Table 2 EAT-Lancet index, energy intake, and cost of food groups by diet costa

We observed a negative and statistically significant association between the EAT-Lancet score and diet cost. For each increase in one point of the EAT-Lancet score, there was an average decrease of MXN$0.4 in the diet cost (p < 0.001), holding covariates constant (Fig. 1A). Interestingly, this relationship held only for those in the low- and middle-SES categories (Fig. 1B). Among those in the low-SES category, a one-point increase in the EAT-Lancet score was associated with an MXN$0.8 lower diet cost (p < 0.001), holding covariates constant. Similarly, for those in the middle SES category, a one-point increase in the score was associated with an MXN$0.5 lower diet cost (p < 0.001). There was no association between the EAT-Lancet score and diet cost for those in the high-SES category.

Fig. 1
figure 1

Adjusted prediction (with 95% CI) estimating the association between diet cost* and the EAT-Lancet index.* Diet cost estimated as calculated cost residuals adjusted by energy intake, centered at the mean cost (A) Estimations are based on an ordinary least squares regression model of diet cost (as cost residuals) and the EAT-Lancet index, adjusted by age group, sex, socioeconomic status (SES), geographical region, place of residence and survey year. B Same model as panel A, plus an interaction term between diet cost and socioeconomic status (SES) level.

Discussion

We estimated the association between diet cost and adherence to the EAT-Lancet reference diet in the Mexican population using two different approaches. First, we dichotomized the cost into low- and high-cost and compared the scores of the EAT-Lancet index. We found that those who consumed a low-cost diet had, on average, a diet quality score 0.9 points higher (out of 42 points) than those who consumed a high-cost diet. This difference was due to the limited intake components, including a lower intake of beef and lamb, pork, poultry, dairy, and added sugars. Second, we estimated the association between diet cost and diet quality using both variables as continuous. We found that for each one-point increase in the EAT-Lancet score, there was an average decrease of MXN$0.4 in the diet cost. Interestingly, when we assessed the effect of measure modification by SES, this relationship was observed only for low- and middle-SES individuals. In contrast, the diets of high-SES individuals had the same cost, regardless of adherence to the EAT-Lancet score. It should be noted that the difference in the diet quality score between the low-cost and the high-cost diet is small (0.9 points) because the population was divided only in two groups, and we are not comparing extreme costs (e.g., lowest vs highest quintiles). The linear relation can give a better sense of the magnitude of the association, the one-point increase in the EAT-Lancet score associated with a decrease of MXN$0.4 is equal to a decrease of 2.5 points in the diet quality score for each MXN$1 increase (equivalent to $0.05 USD), which is an important difference in diet quality.

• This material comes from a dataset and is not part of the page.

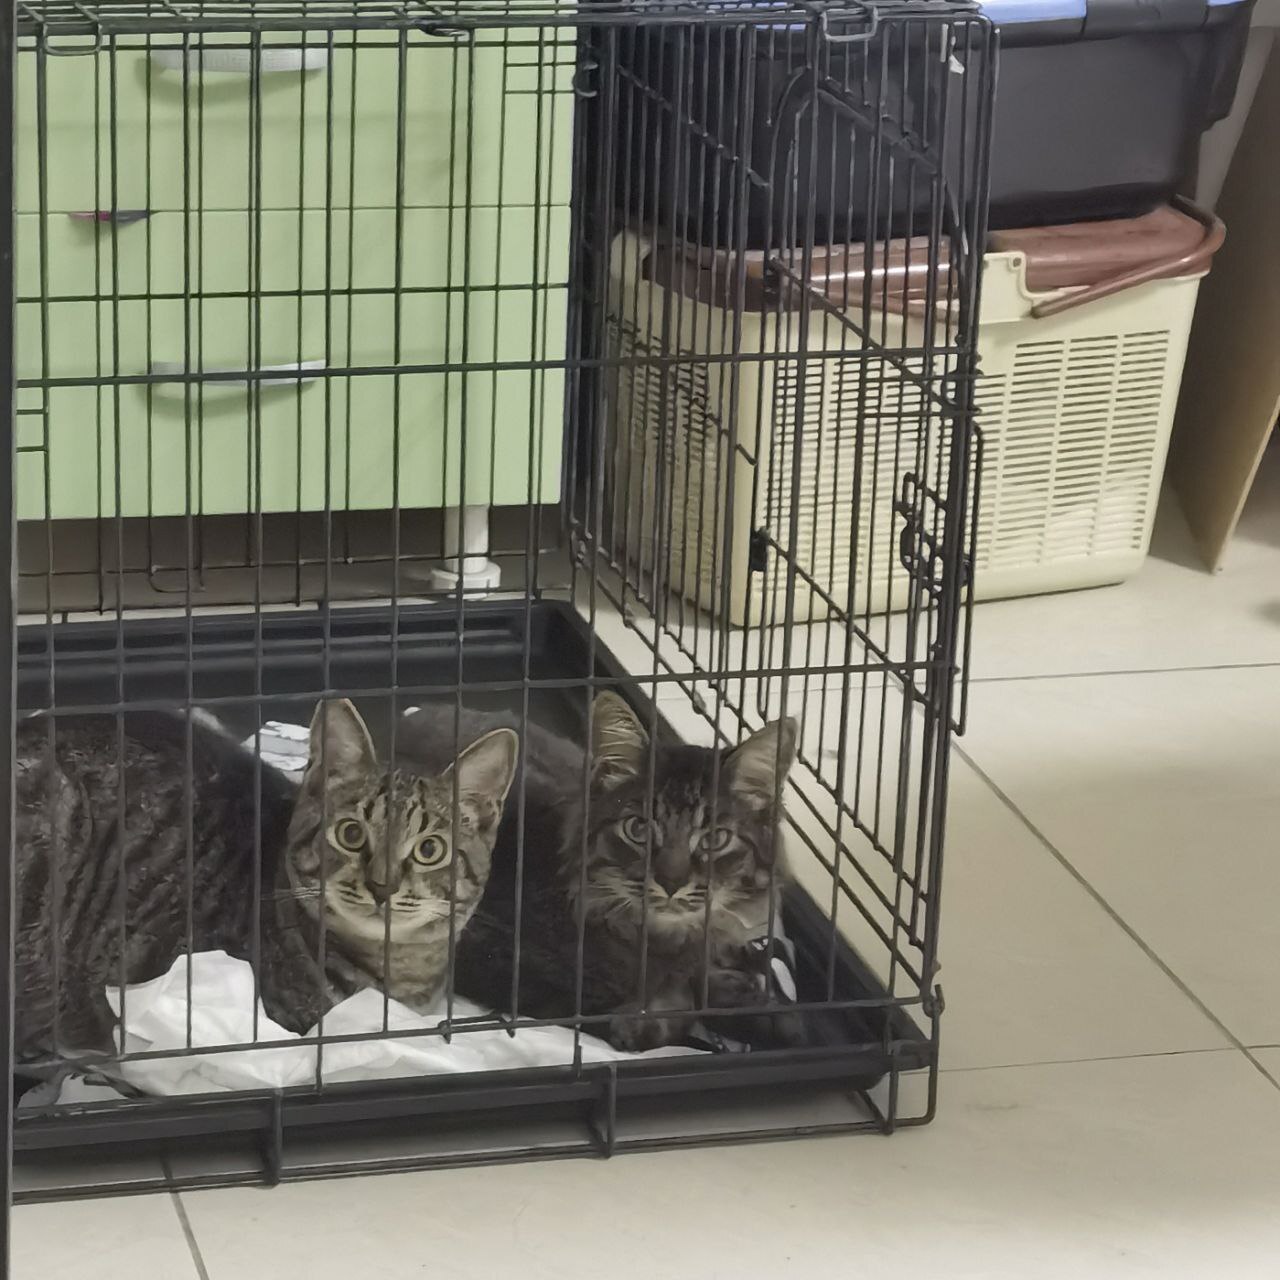 A KITTEN'S ENTIRE CHILDHOOD IS SPENT IN A CAGE... - In good hands, Pets, Kittens, Fluffy, cat, Overexposure, Cat lovers, Homeless animals, Shelter, Moscow, Moscow 24, Pet the cat, Vertical video, Longcat, Video VK, Video, Longpost
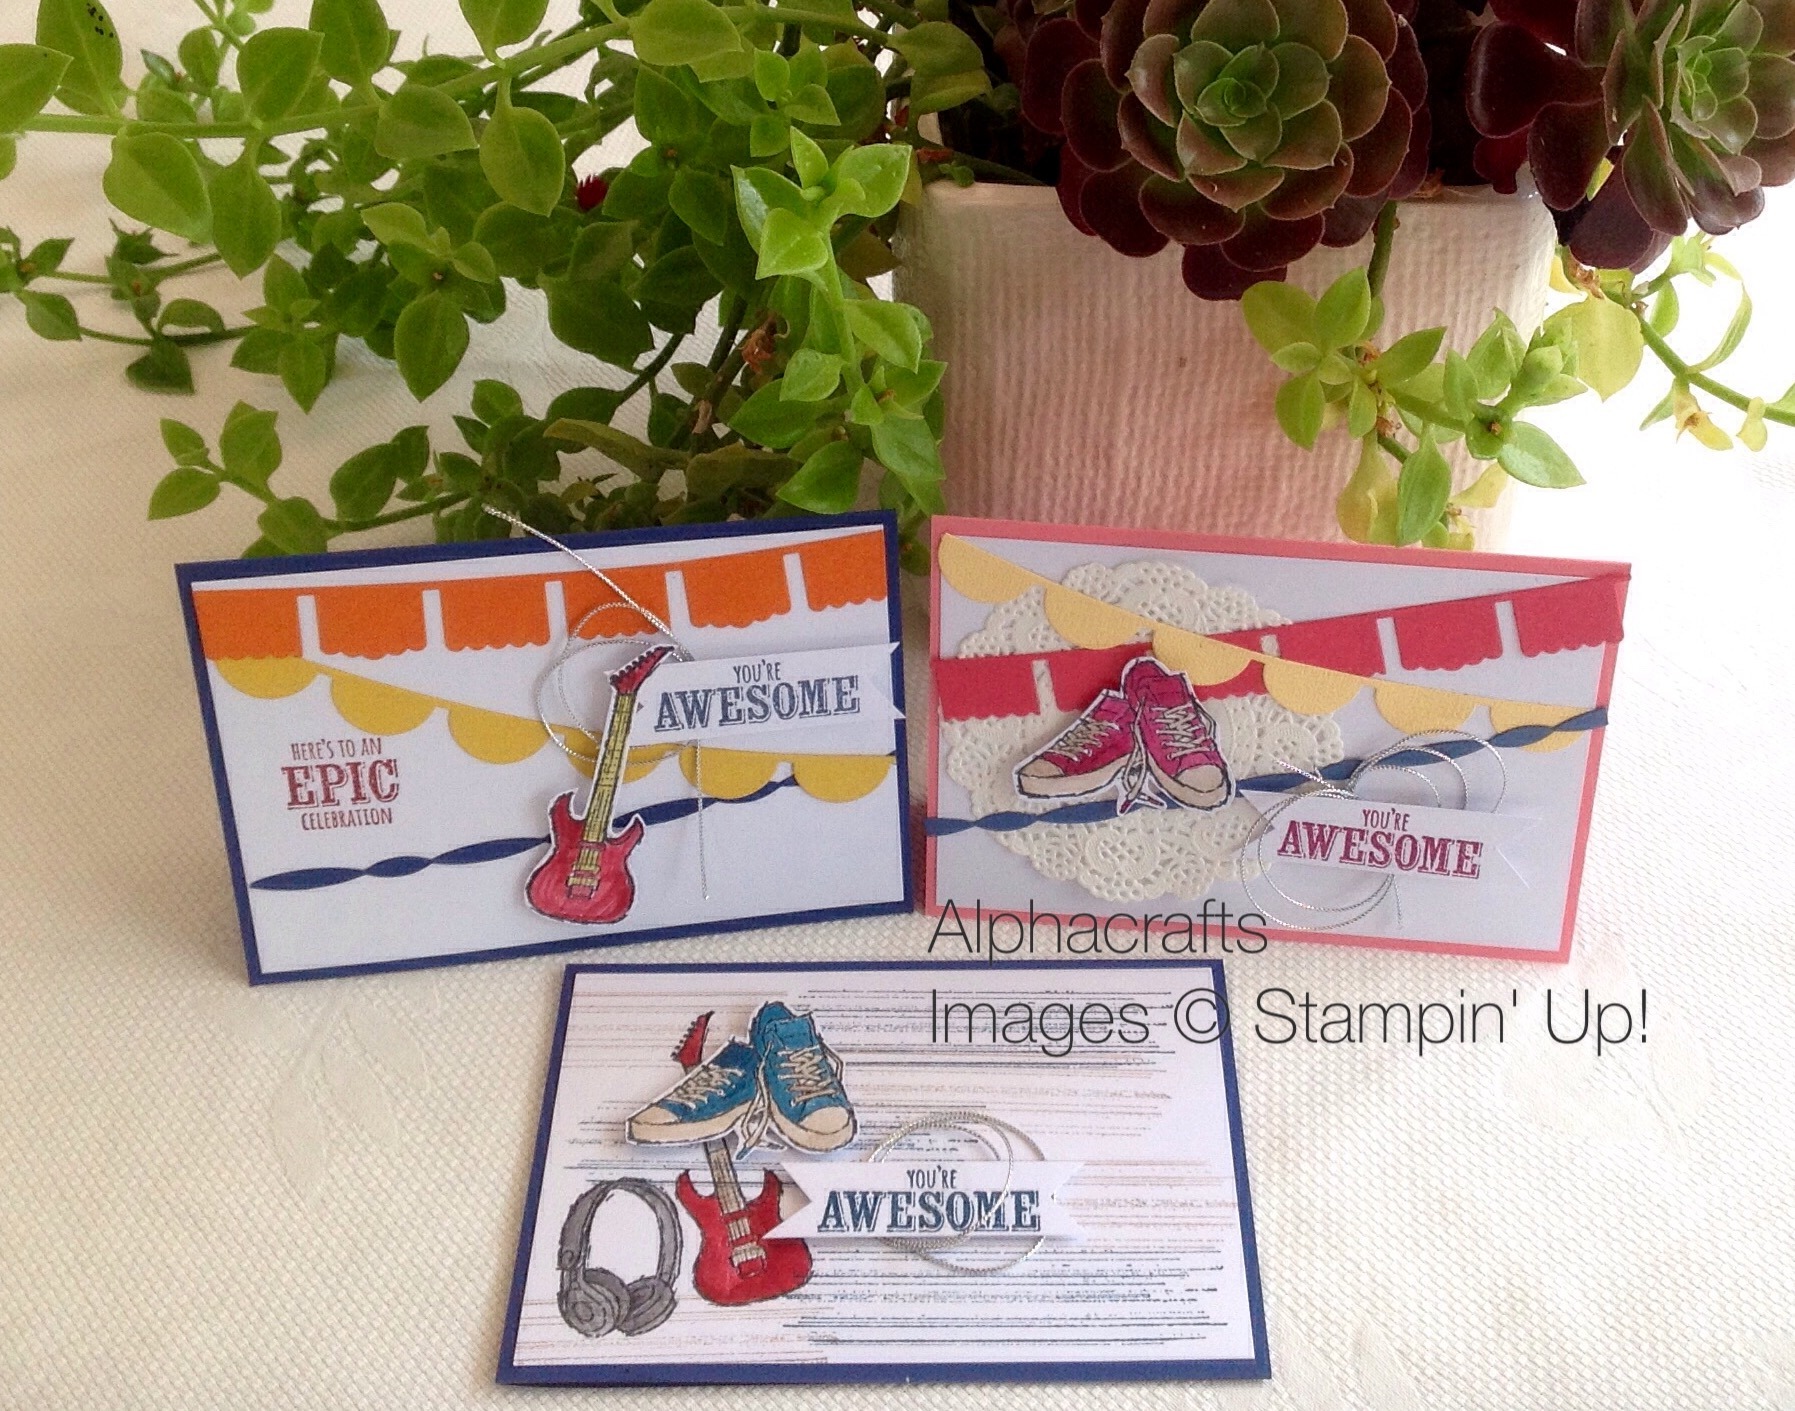 Handmade cards using the Epic Celebration stamp set from Stampin' Up!.

The finding in our study is contrary to what has been previously observed in high-income countries, where a higher diet quality score was associated with higher diet costs. For instance, a higher cost was associated with higher Healthy Eating Index (HEI) 2010 scores in adults from the United States. When divided into cost quintiles, individuals in the highest diet-cost quintile had 22.4 points more (out of 100) in the HEI score than those in the lowest diet-cost quintile. This difference was mainly explained by a greater intake of vegetables, fruits, whole grains, and seafood and a lower intake of refined grains, solid fats, alcohol, and added sugars [32]. In contrast, in our study, a high-cost diet was associated with a lower intake of whole grains and a higher intake of added sugars. In a study with Spanish participants aged 2 to 24 years, a higher adherence to the Mediterranean diet was associated with an increase of 0.71 Euros per day compared to those in the lower adherence group [33]. Results in the same direction were estimated in Malaysian and Belgian adults using the Malaysian Healthy Eating Index and the Mediterranean Diet Score, respectively [34, 35], and in Swedish and Chinese children using the HEI 2005 and the Chinese Children Dietary Index, respectively [15, 36].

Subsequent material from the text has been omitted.